Thread: Continuous Functions on Metric Spaces

What is the definition of a continuous function on a metric space?

And what are the basic properties?

Thank you!

Originally Posted by lindsays

What is the definition of a continuous function on a metric space?

And what are the basic properties?

Thank you!

Definition 1: a function f :X --> Y between metric spaces X,Y with metrix d_X , d_Y is continuous at x in X if for any e > 0 there exists h > 0 s.t. that d_X(x,w) < h ==> d_Y(f(x), f(w)) < e.

Def. 2: a function f: X --> Y between metric spaces X,Y is continuous (in general) if the inverse image of any open ball in X is open in Y

Def. 3: a function F: X --> Y betwen metrix spaces...and etc. is continuous at x in X if for any open ball B in Y containing f(x) there exists an open ball A in X containing x s.t. f(A) is contained in B.

Choose the one you love the most or suits you better.

Tonio

Originally Posted by tonio

Definition 1: a function f :X --> Y between metric spaces X,Y with metrix d_X , d_Y is continuous at x in X if for any e > 0 there exists h > 0 s.t. that d_X(x,w) < h ==> d_Y(f(x), f(w)) < e.

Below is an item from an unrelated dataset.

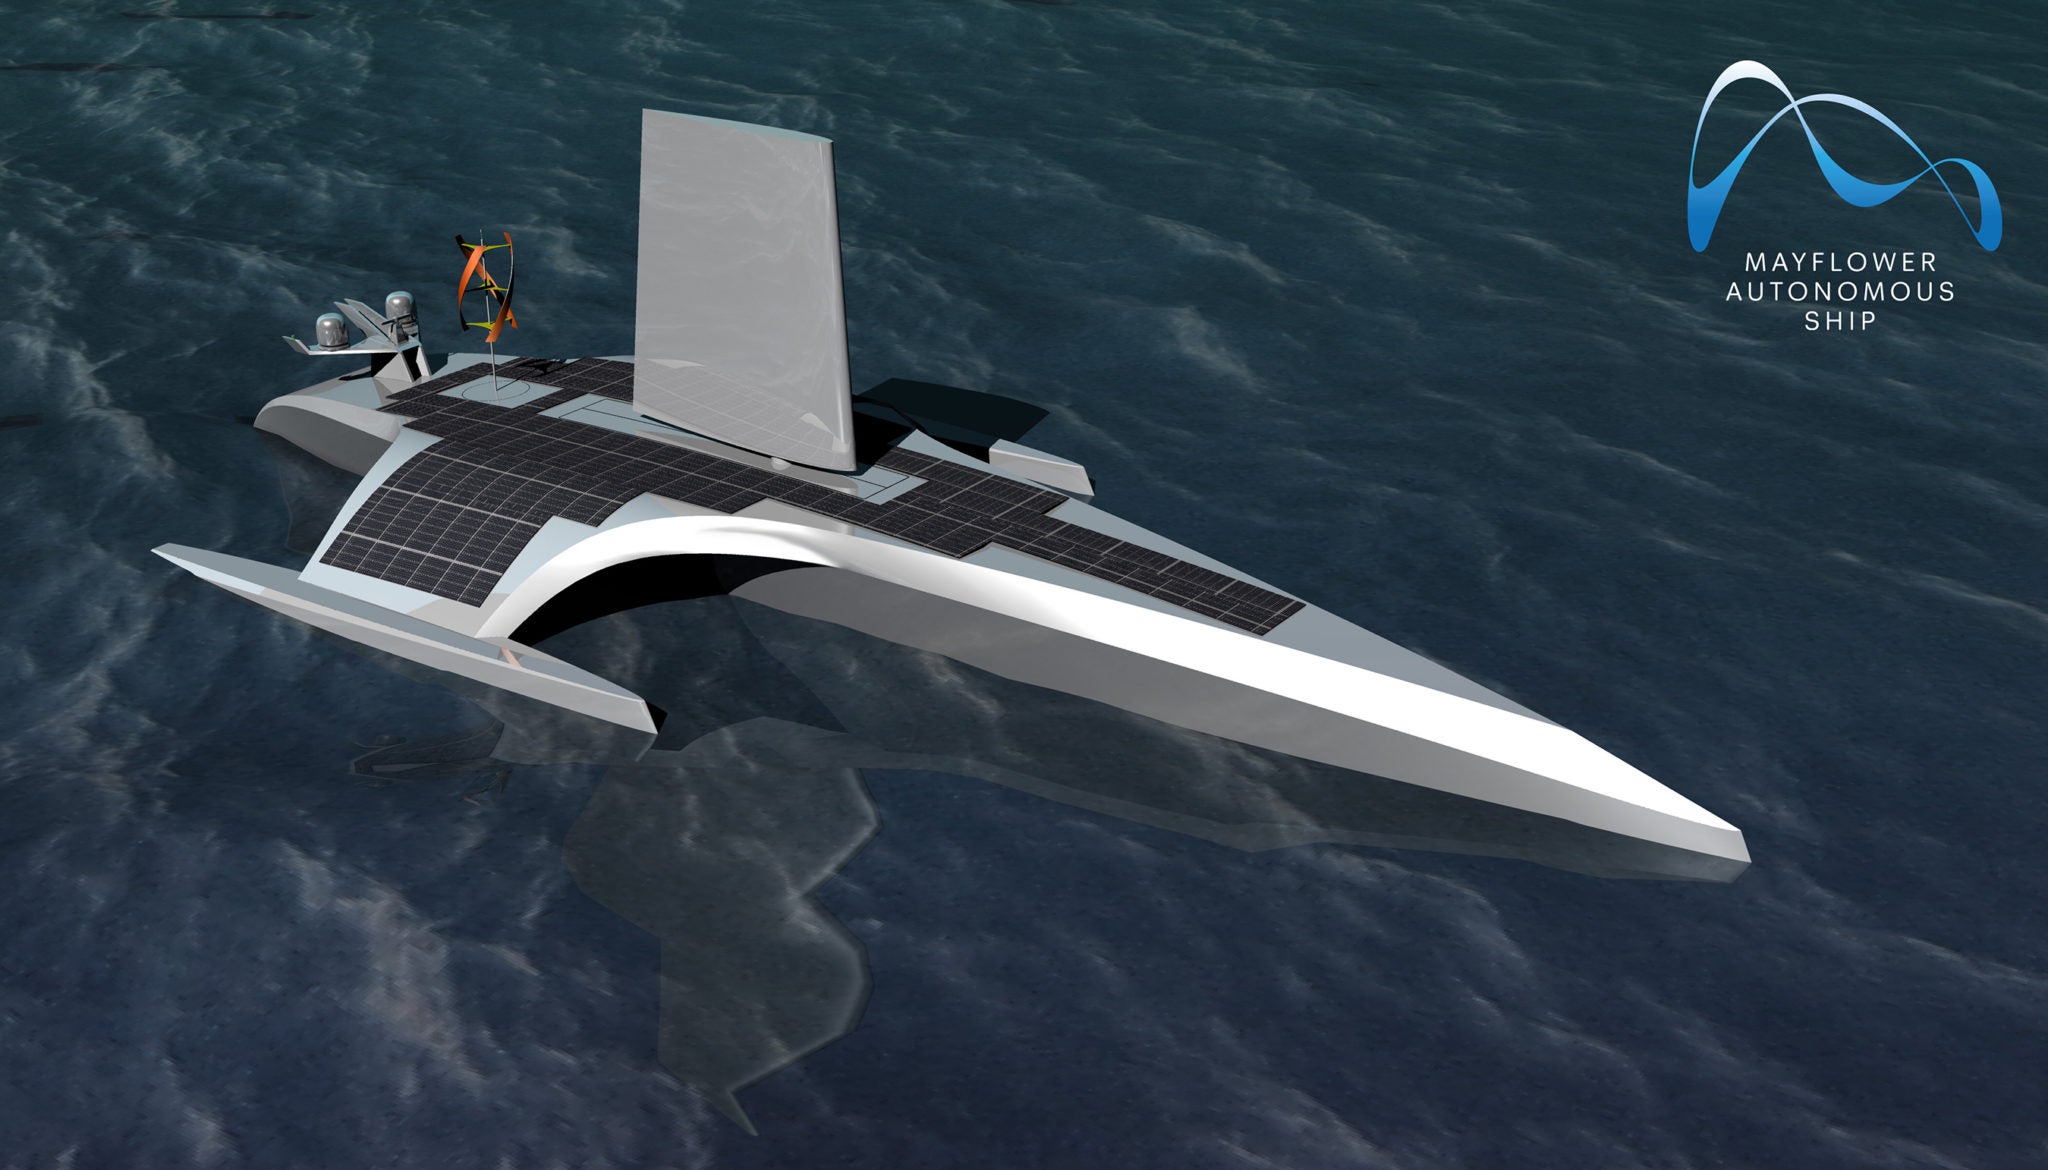 AI-Powered Research Vessel 'Mayflower Autonomous Ship' To Set Sail in 2020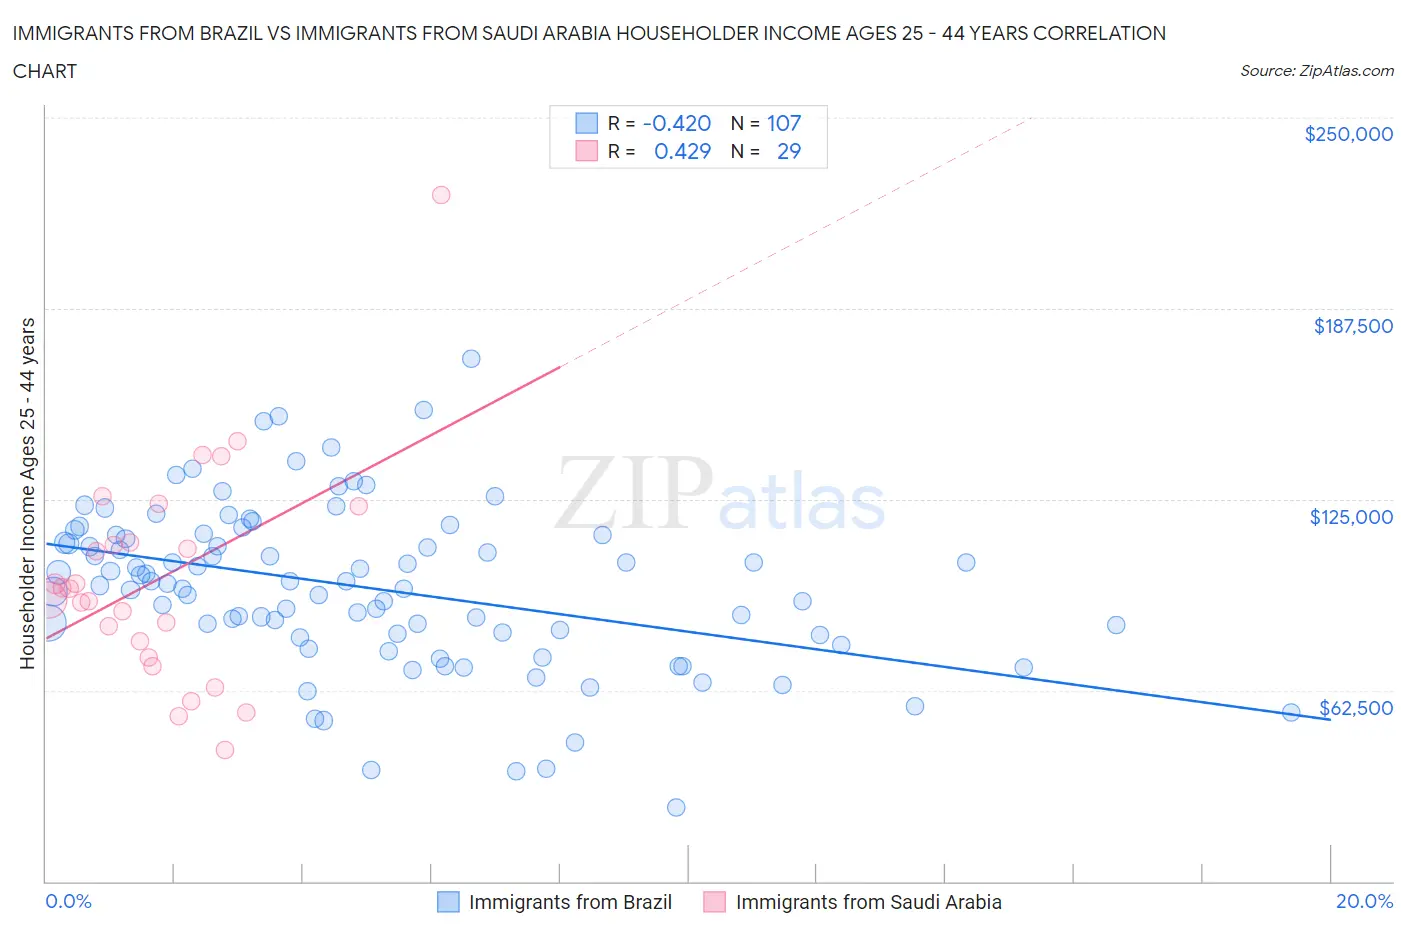 Immigrants from Brazil vs Immigrants from Saudi Arabia Householder Income Ages 25 - 44 years

Def. 2: a function f: X --> Y between metric spaces X,Y is continuous (in general) if the inverse image of any open ball in X is open in Y

Def. 3: a function F: X --> Y betwen metrix spaces...and etc. is continuous at x in X if for any open ball B in Y containing f(x) there exists an open ball A in X containing x s.t. f(A) is contained in B.

To be clear: def 1 above is the one found in most textbooks introducing metric spaces.
Def 2&3 are then proven a theorems.